(Input data)
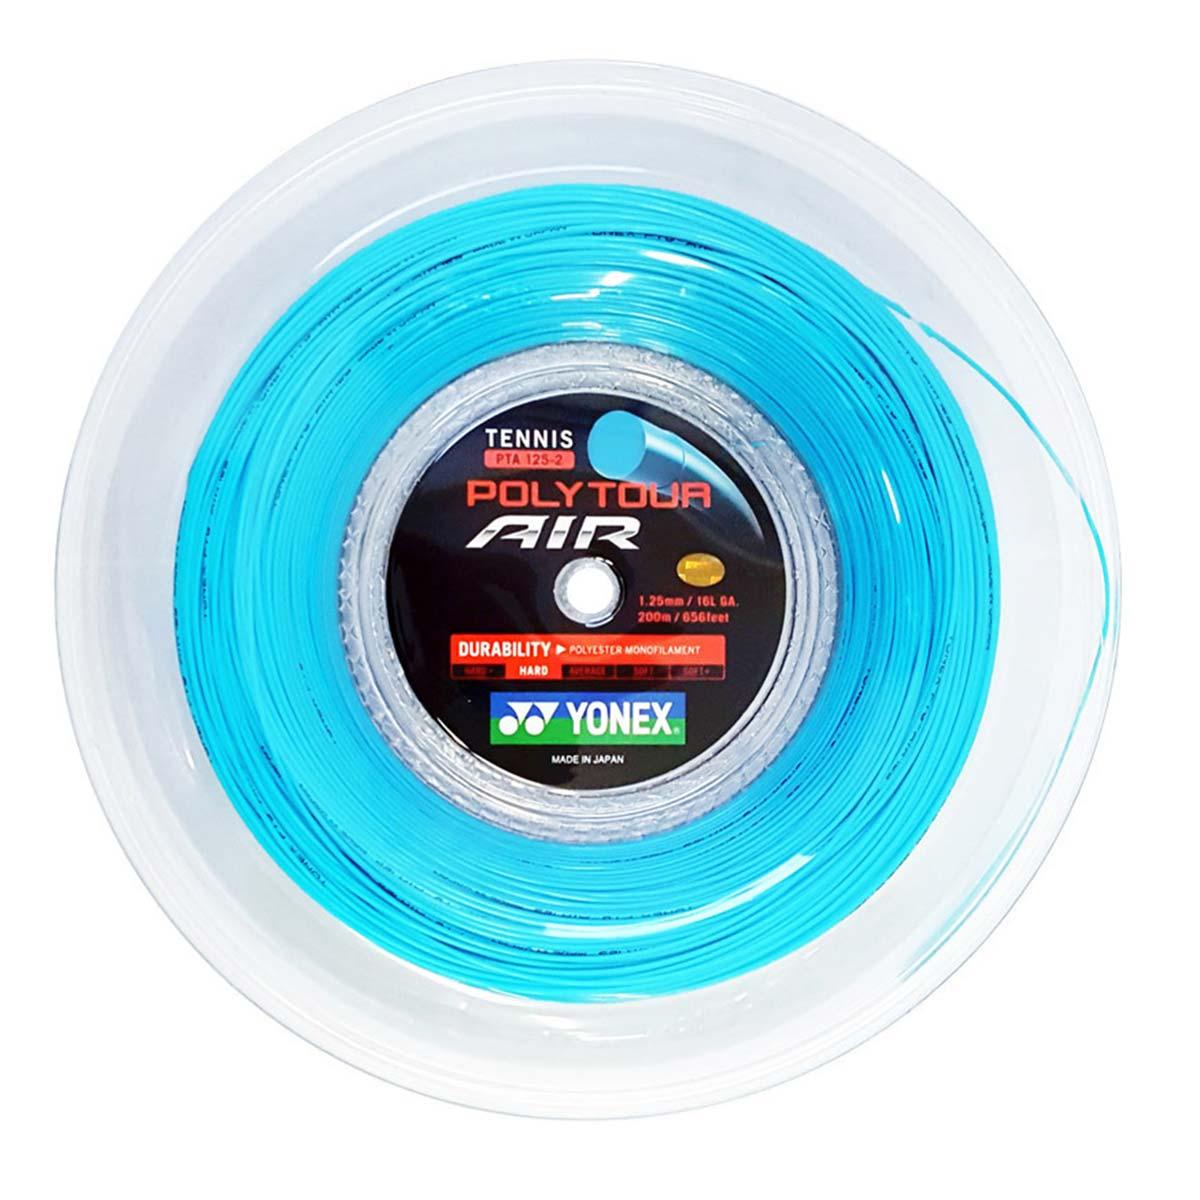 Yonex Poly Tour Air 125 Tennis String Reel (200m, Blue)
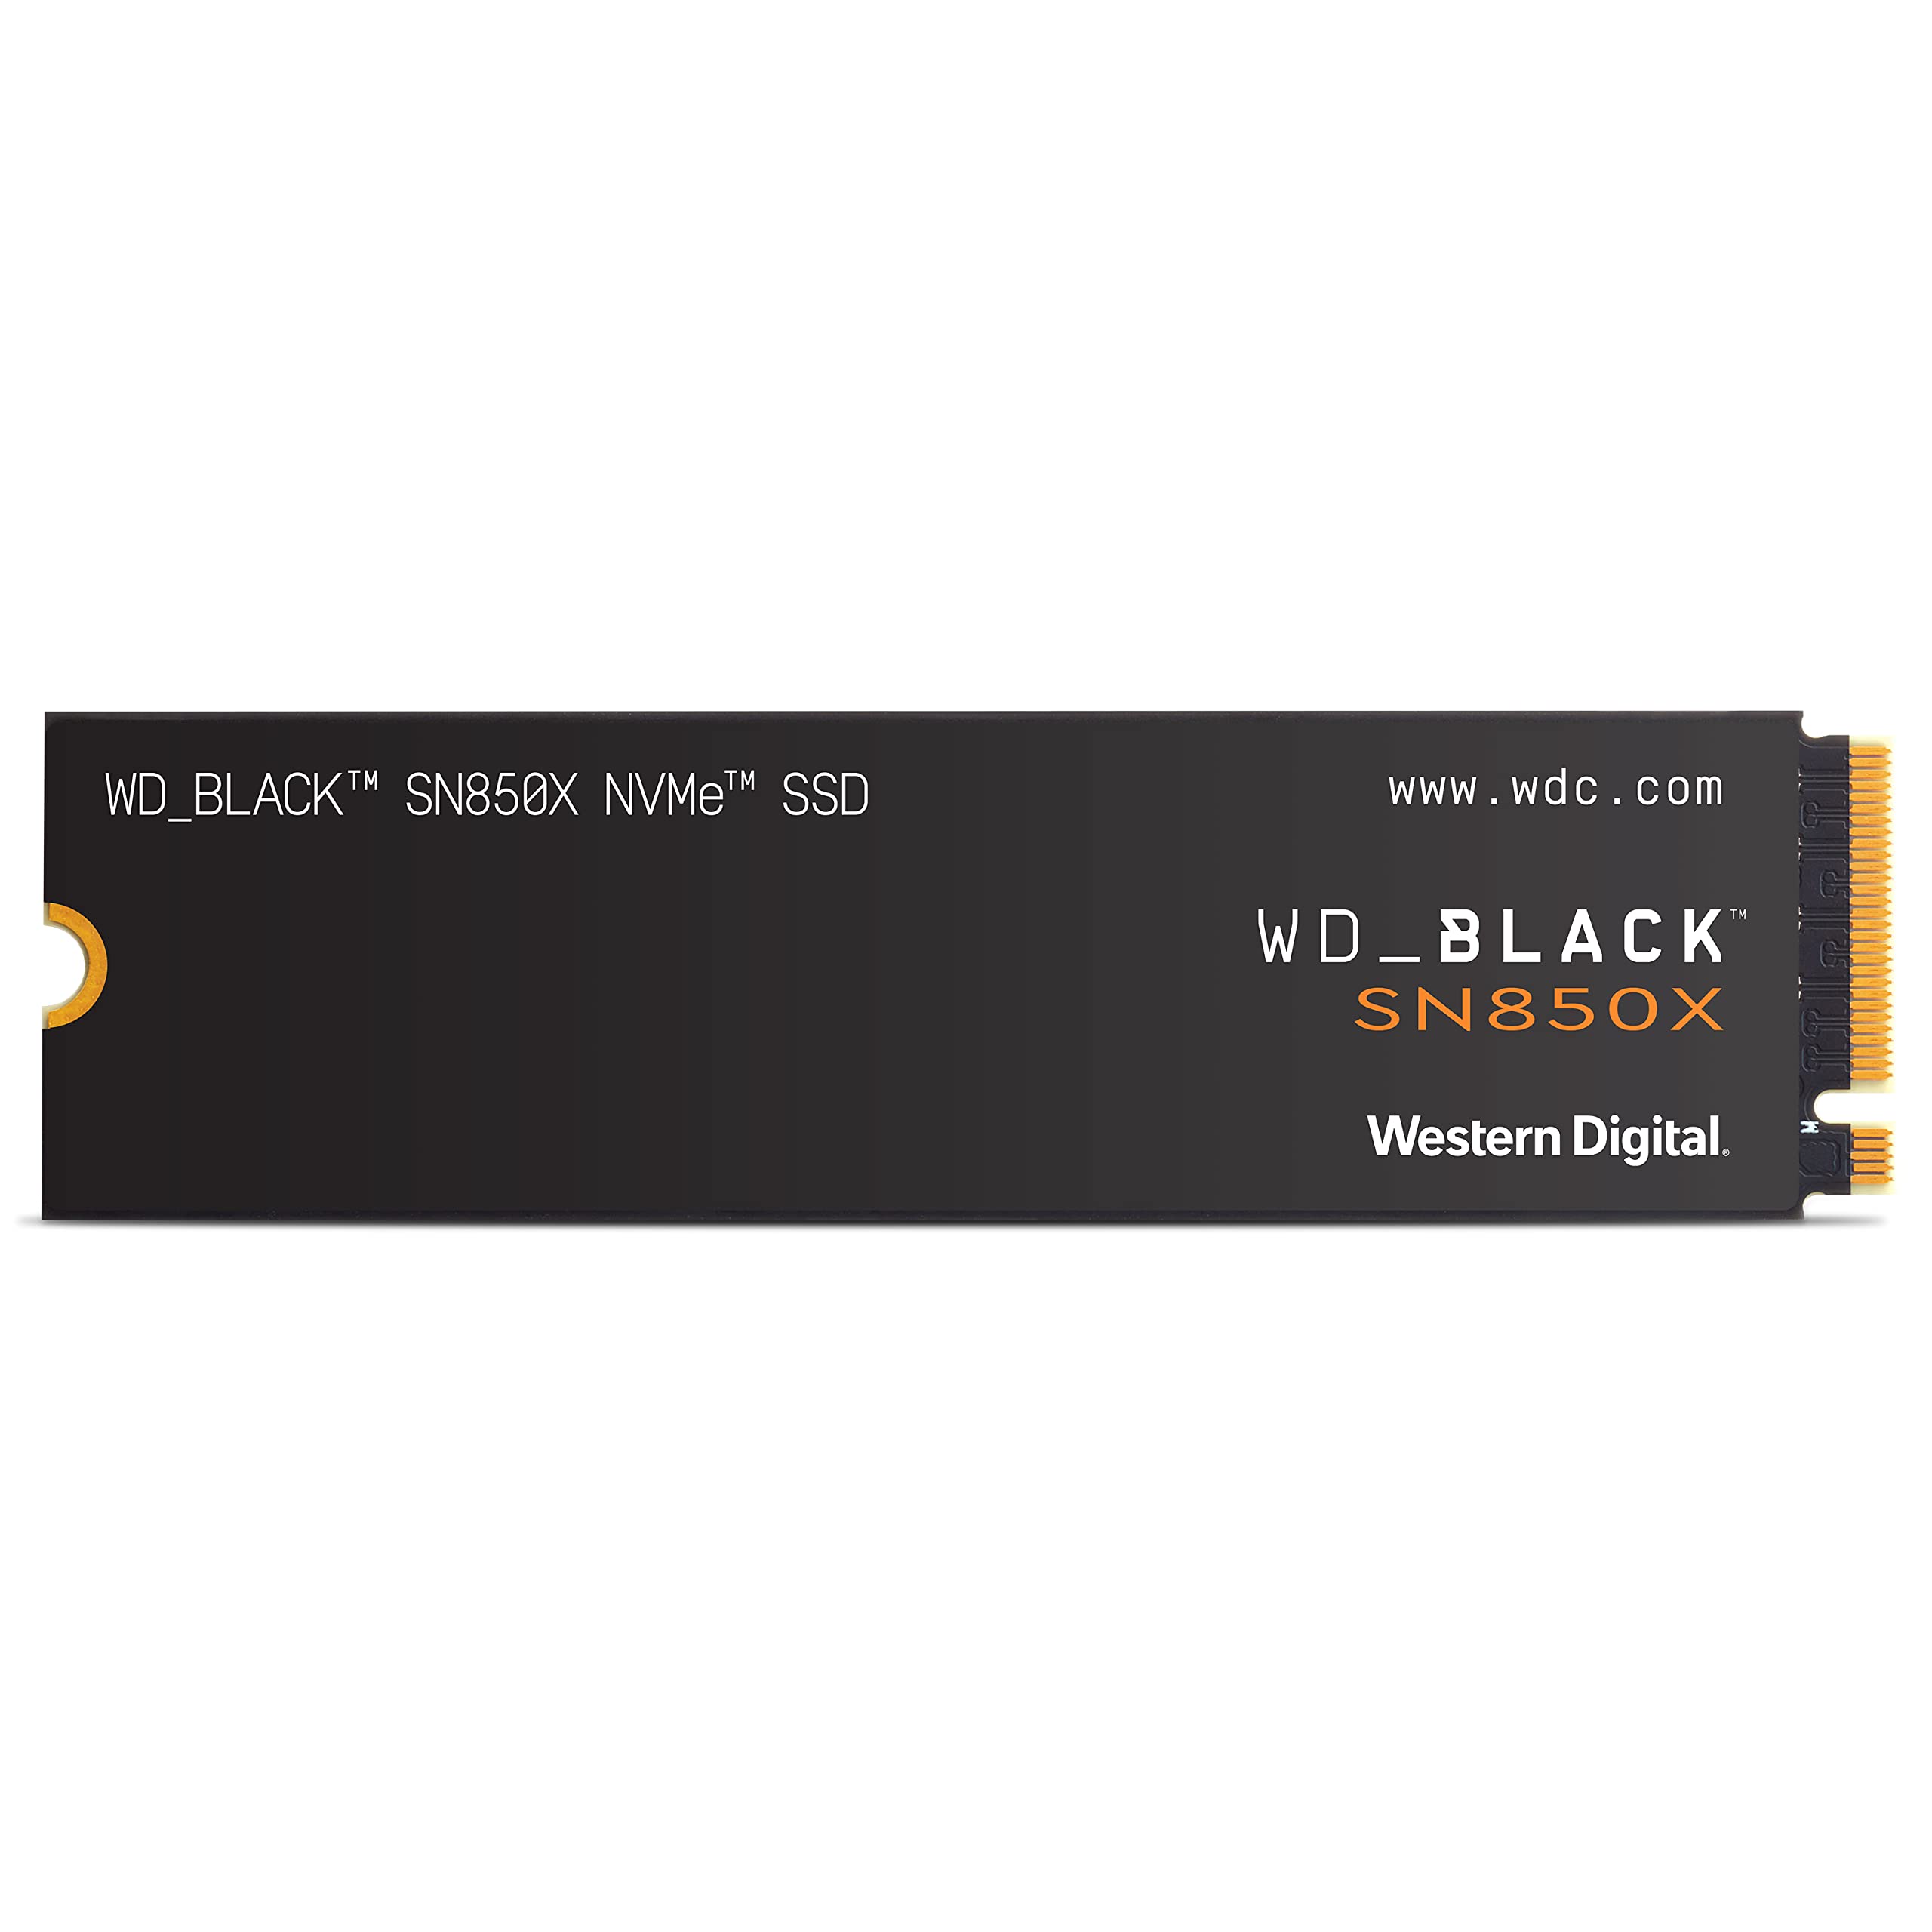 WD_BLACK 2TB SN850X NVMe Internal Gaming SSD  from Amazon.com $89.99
(End Input data)
(Input data)
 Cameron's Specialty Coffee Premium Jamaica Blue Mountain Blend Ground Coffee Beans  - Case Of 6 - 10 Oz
(End Input data)
- _Aim of the task_
Leave the pictures out, and transcribe exactly the lines above starting at the one that contains "Yonex Poly Tour" and ending at the one that contains "WD_BLACK 2TB SN850X".

- _Exercise answer_
 Yonex Poly Tour Air 125 Tennis String Reel (200m, Blue)
 WD_BLACK 2TB SN850X NVMe Internal Gaming SSD  from Amazon.com $89.99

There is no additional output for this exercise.